DNA templates for sgRNA synthesis were obtained via PCR using oligonucleotides containing the T7 promoter, guide sequence and sgRNA scaffold (GTTAATACGACTCACTATA(protospacer)GTTTTAGAGCTAGAAATAGCAAGTTAA and AAAAGCACCGACTCGGTGCCACTTTTTCAAGTTGATAACGGACTAGCCTTATTTTAACTTGCTATTTCTAGCTCTA). PCR products were used for an in vitro transcription (MEGAshortscript™ T7 Transcription Kit, Ambion). The obtained RNA was purified on MEGAclear™ Transcription Clean-Up Kit (Ambion) columns, and mixed with spCas9 mRNA (GeneArt™ CRISPR Nuclease mRNA, Thermo, USA) at ratios of 25 ng/mkl each sgRNA and 50 ng/mkl mRNA Cas9.

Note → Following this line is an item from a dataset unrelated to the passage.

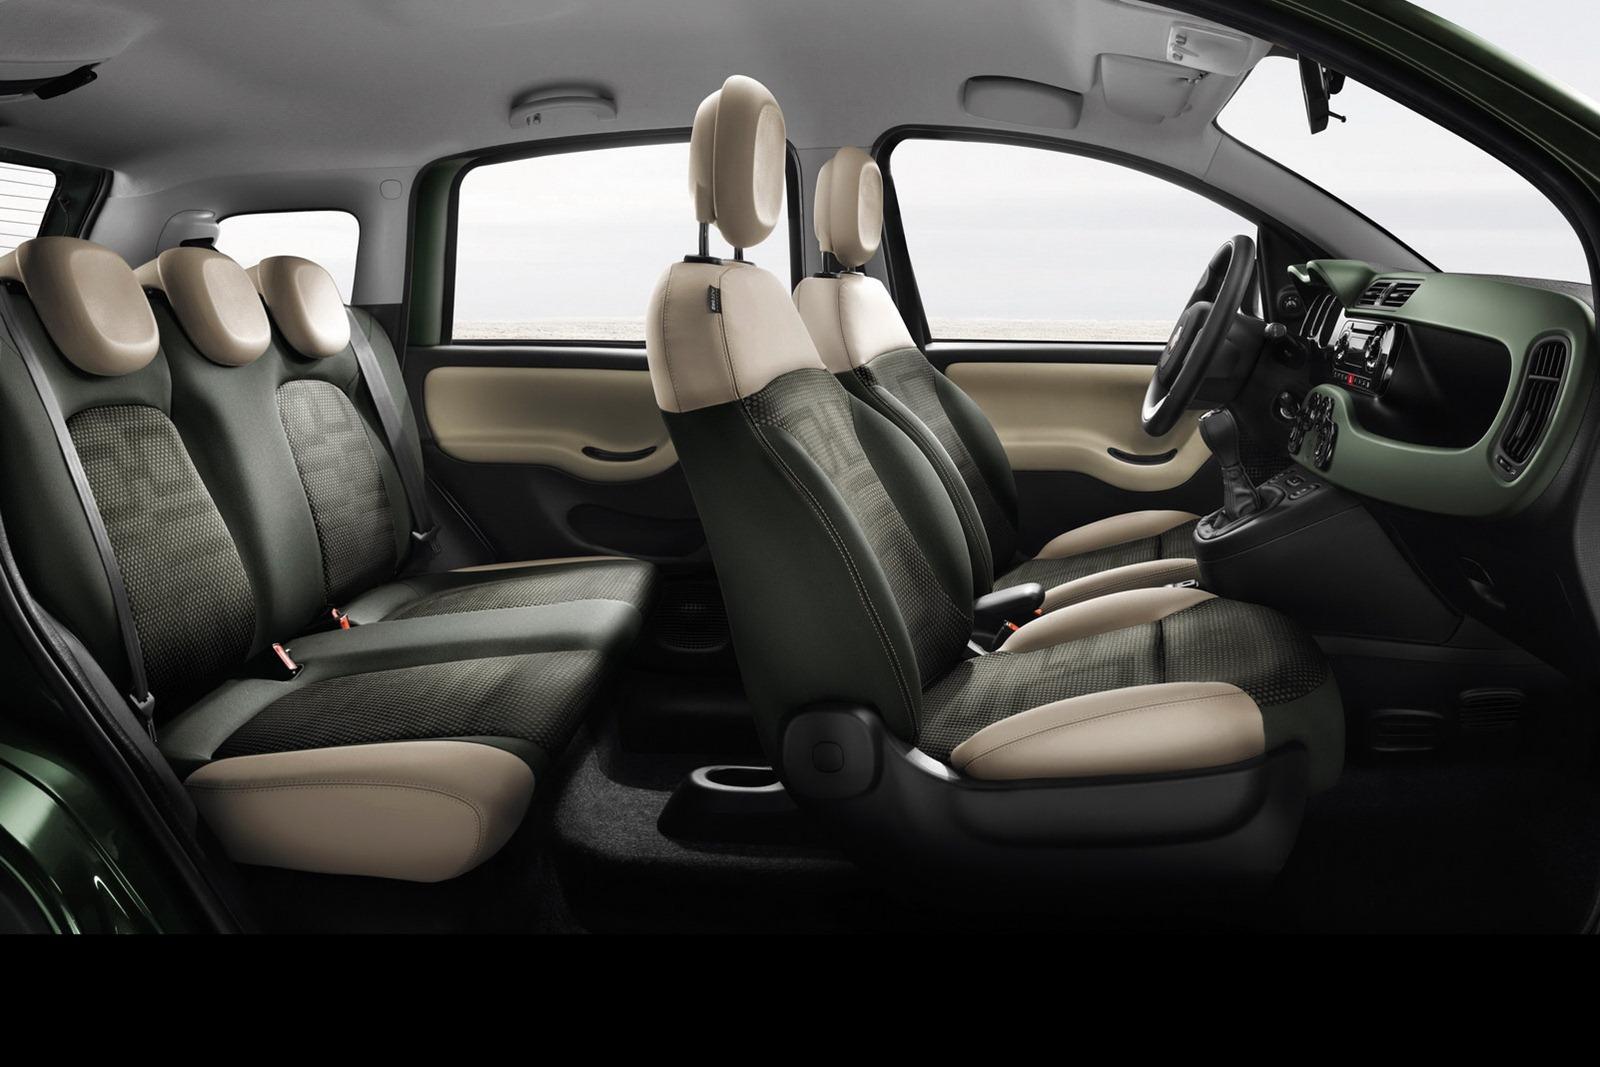 2013-Fiat-Panda-4x4-1.jpg
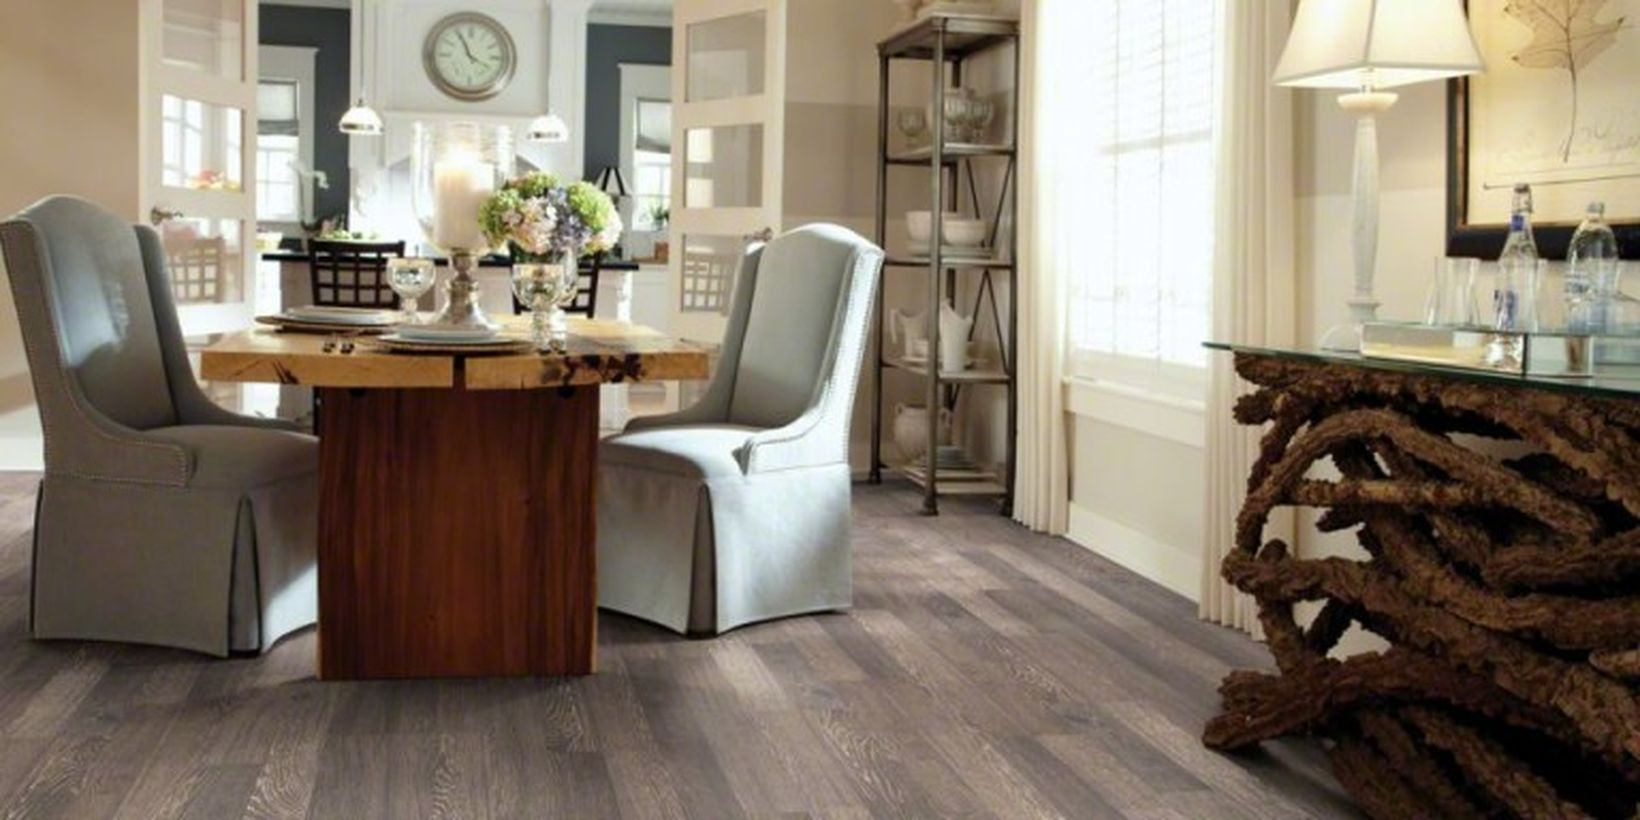 An impressive farmhouse flooring ideas for summer with this laminate floor makes it a good choice for a farmhouse floor to try

All animal procedures were approved by the Ethics Committee of the Institute of Cytology and Genetics (protocol #65, issued October, 09, 2020). Animals were obtained and handled in the SPF Animal Facilities of ICG SB RAS in compliance with the Guide for Care and Use of Laboratory Animals45. During the experiment, euthanasia was performed with carbon dioxide exposure, and cervical dislocation was specifically used for tissue sampling. All methods followed the guidelines set by the AVMA for animal euthanasia46 to reduce distress. Experimental results involving live animals were reported according to the ARRIVE guidelines47.

Genotyping

For genotyping of the obtained genetically modified mice and their offspring, we used the following primer pairs:

Deletion allele:

  • Forward primer: CTCTTCTGCATGAAAGCATAGATGT

  • Reverse primer: CAAACAGACCAAAGCACCACTC

Inversion allele:

  • For the left border of the inversion (accompanying an undeserved ~ 7.8 kb deletion):

    • Forward primer: GACTTACTGCACAAGGAAGGAC

    • Reverse primer: TGTTTGCTGTCTGACTTGGGA

  • For the right border of the inversion:

    • Forward primer: AGGACACATGGGCATGACTAAT

    • Reverse primer: CAAACAGACCAAAGCACCACTC

Wild type allele: (Detecting intact CRISPR sites)

  • Pair 1:

    • Forward primer: CTCTTCTGCATGAAAGCATAGATGT

    • Reverse primer: AGGACACATGGGCATGACTAAT

  • Pair 2:

    • Forward primer: TGTTTGCTGTCTGACTTGGGA

    • Reverse primer: CAAACAGACCAAAGCACCACTC

For each predicted off-target site within a 50 Mb linkage block of the on-target mutation, we performed Sanger sequencing on mice selected for RNA-seq analysis. The results have been included in the supplementary materials (Supplementary Fig. 4, Supplementary Data 1).

RNA-seq

Tissues of 6-month-old male mice were dissected and snap-frozen. RNA was isolated by TRIzol Reagent (Thermo Fisher Scientific, USA, 15596026) according to the manufacturer’s instructions. We prepared two biological replicates for each condition. Stranded transcriptome libraries were prepared and sequenced in pair-end mode using the BGI service on the DNBSEQ sequencing platform. The average sequencing depth is approximately 24 million read pairs per sample with read length of 100 base pairs. The quality control and preprocessing of raw sequencing data were made by the fastp program (https://github.com/OpenGene/fastp) with default parameters. Then, RNA-Seq data were quantified by Salmon using transcript sequences from GENECODE (release M33). Differentially expressed genes were identified using DESeq2 software with standard parameters. We chose differential expressed genes as all genes with adjusted p-value < 0.05 (p-value from Wald test using Benjamini and Hochberg method). List of obtained DEGs is available as Supplementary Data 2.